GIVEN DATA:
== == ==

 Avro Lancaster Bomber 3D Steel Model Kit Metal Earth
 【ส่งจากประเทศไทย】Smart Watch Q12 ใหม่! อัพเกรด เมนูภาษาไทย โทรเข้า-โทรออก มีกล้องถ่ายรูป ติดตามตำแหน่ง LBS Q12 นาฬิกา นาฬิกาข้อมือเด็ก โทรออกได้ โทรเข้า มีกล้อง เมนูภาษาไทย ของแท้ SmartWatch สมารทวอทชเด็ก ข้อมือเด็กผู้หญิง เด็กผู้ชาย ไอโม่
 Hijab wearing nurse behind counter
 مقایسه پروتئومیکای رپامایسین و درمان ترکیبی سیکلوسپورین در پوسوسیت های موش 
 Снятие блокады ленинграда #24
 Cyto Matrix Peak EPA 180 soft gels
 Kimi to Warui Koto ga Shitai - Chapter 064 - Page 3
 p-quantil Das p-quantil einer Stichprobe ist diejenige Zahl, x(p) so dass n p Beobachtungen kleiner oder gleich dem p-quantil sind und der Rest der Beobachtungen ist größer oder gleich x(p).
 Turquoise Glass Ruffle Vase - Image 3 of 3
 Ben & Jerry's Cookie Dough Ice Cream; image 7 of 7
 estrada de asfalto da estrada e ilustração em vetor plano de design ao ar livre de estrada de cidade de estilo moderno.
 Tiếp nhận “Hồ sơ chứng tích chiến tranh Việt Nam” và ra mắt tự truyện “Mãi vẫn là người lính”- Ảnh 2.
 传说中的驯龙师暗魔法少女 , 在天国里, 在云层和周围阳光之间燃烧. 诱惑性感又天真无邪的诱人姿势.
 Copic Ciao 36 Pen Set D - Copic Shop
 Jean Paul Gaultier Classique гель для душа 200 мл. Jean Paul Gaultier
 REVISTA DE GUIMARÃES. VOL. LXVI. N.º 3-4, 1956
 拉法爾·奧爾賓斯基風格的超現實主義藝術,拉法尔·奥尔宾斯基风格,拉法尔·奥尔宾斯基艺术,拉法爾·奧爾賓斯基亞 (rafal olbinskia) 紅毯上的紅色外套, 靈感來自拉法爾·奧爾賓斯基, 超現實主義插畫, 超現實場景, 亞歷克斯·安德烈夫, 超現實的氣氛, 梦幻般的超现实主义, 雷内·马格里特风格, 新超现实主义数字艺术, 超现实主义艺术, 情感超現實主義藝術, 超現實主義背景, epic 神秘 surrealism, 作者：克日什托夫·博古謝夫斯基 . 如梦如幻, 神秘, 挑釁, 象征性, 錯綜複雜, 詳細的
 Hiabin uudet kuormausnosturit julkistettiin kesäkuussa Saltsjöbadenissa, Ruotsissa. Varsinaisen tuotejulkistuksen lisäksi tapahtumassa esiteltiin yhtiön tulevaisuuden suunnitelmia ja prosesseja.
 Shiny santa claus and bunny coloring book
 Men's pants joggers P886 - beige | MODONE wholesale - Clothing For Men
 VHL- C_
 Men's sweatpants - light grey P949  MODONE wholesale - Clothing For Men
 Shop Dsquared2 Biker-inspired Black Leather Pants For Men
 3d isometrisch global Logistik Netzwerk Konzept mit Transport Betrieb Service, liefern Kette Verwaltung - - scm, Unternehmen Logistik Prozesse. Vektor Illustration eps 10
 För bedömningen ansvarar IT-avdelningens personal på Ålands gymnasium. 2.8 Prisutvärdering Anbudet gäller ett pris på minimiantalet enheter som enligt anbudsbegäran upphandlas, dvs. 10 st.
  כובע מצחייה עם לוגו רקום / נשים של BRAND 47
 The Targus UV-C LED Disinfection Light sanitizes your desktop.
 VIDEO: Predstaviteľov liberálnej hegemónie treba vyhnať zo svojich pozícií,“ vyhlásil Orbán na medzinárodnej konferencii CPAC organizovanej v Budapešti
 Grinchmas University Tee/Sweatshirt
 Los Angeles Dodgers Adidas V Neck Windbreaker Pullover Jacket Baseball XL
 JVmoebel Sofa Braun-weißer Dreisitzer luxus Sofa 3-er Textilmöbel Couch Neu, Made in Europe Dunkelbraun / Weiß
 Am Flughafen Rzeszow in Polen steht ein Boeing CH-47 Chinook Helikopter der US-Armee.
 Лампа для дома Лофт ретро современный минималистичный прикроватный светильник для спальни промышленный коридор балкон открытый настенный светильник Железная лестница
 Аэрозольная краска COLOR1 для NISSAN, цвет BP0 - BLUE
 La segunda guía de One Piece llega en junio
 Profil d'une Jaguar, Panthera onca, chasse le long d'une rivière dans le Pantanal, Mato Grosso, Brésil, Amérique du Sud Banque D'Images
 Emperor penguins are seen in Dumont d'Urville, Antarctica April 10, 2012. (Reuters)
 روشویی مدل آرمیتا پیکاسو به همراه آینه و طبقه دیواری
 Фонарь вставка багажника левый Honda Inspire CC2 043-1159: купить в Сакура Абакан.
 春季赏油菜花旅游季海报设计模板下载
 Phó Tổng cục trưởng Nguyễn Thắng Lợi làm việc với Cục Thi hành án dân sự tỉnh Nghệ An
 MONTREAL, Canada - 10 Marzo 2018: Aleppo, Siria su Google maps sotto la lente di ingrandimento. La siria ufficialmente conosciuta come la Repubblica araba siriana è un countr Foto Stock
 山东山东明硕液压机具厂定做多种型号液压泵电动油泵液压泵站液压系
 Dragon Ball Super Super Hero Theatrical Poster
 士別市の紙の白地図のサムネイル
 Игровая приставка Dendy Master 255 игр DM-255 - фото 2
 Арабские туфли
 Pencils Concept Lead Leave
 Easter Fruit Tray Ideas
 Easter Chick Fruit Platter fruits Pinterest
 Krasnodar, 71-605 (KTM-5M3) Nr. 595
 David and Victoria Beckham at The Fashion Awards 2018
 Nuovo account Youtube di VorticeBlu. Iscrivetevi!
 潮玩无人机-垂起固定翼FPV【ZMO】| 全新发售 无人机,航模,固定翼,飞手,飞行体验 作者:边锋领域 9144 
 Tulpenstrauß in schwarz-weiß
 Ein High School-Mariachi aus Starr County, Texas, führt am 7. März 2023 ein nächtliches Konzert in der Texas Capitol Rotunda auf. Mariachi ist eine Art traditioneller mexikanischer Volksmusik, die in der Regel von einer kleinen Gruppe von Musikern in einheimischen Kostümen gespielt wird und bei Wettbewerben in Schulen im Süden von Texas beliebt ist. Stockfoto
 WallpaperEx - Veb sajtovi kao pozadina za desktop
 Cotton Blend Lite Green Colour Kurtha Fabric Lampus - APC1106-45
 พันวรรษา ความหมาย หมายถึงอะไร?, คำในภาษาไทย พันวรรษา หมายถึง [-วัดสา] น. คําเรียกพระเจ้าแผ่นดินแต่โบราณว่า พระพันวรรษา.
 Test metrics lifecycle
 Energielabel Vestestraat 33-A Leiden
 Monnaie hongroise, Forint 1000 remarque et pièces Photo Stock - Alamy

== == ==

Nothing beyond the line that contains "象征性, 錯綜複雜, 詳細的" belongs in the answer; reproduce the entries exactly from their first line through it.

RESULT OF THIS EXERCISE:
 Avro Lancaster Bomber 3D Steel Model Kit Metal Earth
 【ส่งจากประเทศไทย】Smart Watch Q12 ใหม่! อัพเกรด เมนูภาษาไทย โทรเข้า-โทรออก มีกล้องถ่ายรูป ติดตามตำแหน่ง LBS Q12 นาฬิกา นาฬิกาข้อมือเด็ก โทรออกได้ โทรเข้า มีกล้อง เมนูภาษาไทย ของแท้ SmartWatch สมารทวอทชเด็ก ข้อมือเด็กผู้หญิง เด็กผู้ชาย ไอโม่
 Hijab wearing nurse behind counter
 مقایسه پروتئومیکای رپامایسین و درمان ترکیبی سیکلوسپورین در پوسوسیت های موش 
 Снятие блокады ленинграда #24
 Cyto Matrix Peak EPA 180 soft gels
 Kimi to Warui Koto ga Shitai - Chapter 064 - Page 3
 p-quantil Das p-quantil einer Stichprobe ist diejenige Zahl, x(p) so dass n p Beobachtungen kleiner oder gleich dem p-quantil sind und der Rest der Beobachtungen ist größer oder gleich x(p).
 Turquoise Glass Ruffle Vase - Image 3 of 3
 Ben & Jerry's Cookie Dough Ice Cream; image 7 of 7
 estrada de asfalto da estrada e ilustração em vetor plano de design ao ar livre de estrada de cidade de estilo moderno.
 Tiếp nhận “Hồ sơ chứng tích chiến tranh Việt Nam” và ra mắt tự truyện “Mãi vẫn là người lính”- Ảnh 2.
 传说中的驯龙师暗魔法少女 , 在天国里, 在云层和周围阳光之间燃烧. 诱惑性感又天真无邪的诱人姿势.
 Copic Ciao 36 Pen Set D - Copic Shop
 Jean Paul Gaultier Classique гель для душа 200 мл. Jean Paul Gaultier
 REVISTA DE GUIMARÃES. VOL. LXVI. N.º 3-4, 1956
 拉法爾·奧爾賓斯基風格的超現實主義藝術,拉法尔·奥尔宾斯基风格,拉法尔·奥尔宾斯基艺术,拉法爾·奧爾賓斯基亞 (rafal olbinskia) 紅毯上的紅色外套, 靈感來自拉法爾·奧爾賓斯基, 超現實主義插畫, 超現實場景, 亞歷克斯·安德烈夫, 超現實的氣氛, 梦幻般的超现实主义, 雷内·马格里特风格, 新超现实主义数字艺术, 超现实主义艺术, 情感超現實主義藝術, 超現實主義背景, epic 神秘 surrealism, 作者：克日什托夫·博古謝夫斯基 . 如梦如幻, 神秘, 挑釁, 象征性, 錯綜複雜, 詳細的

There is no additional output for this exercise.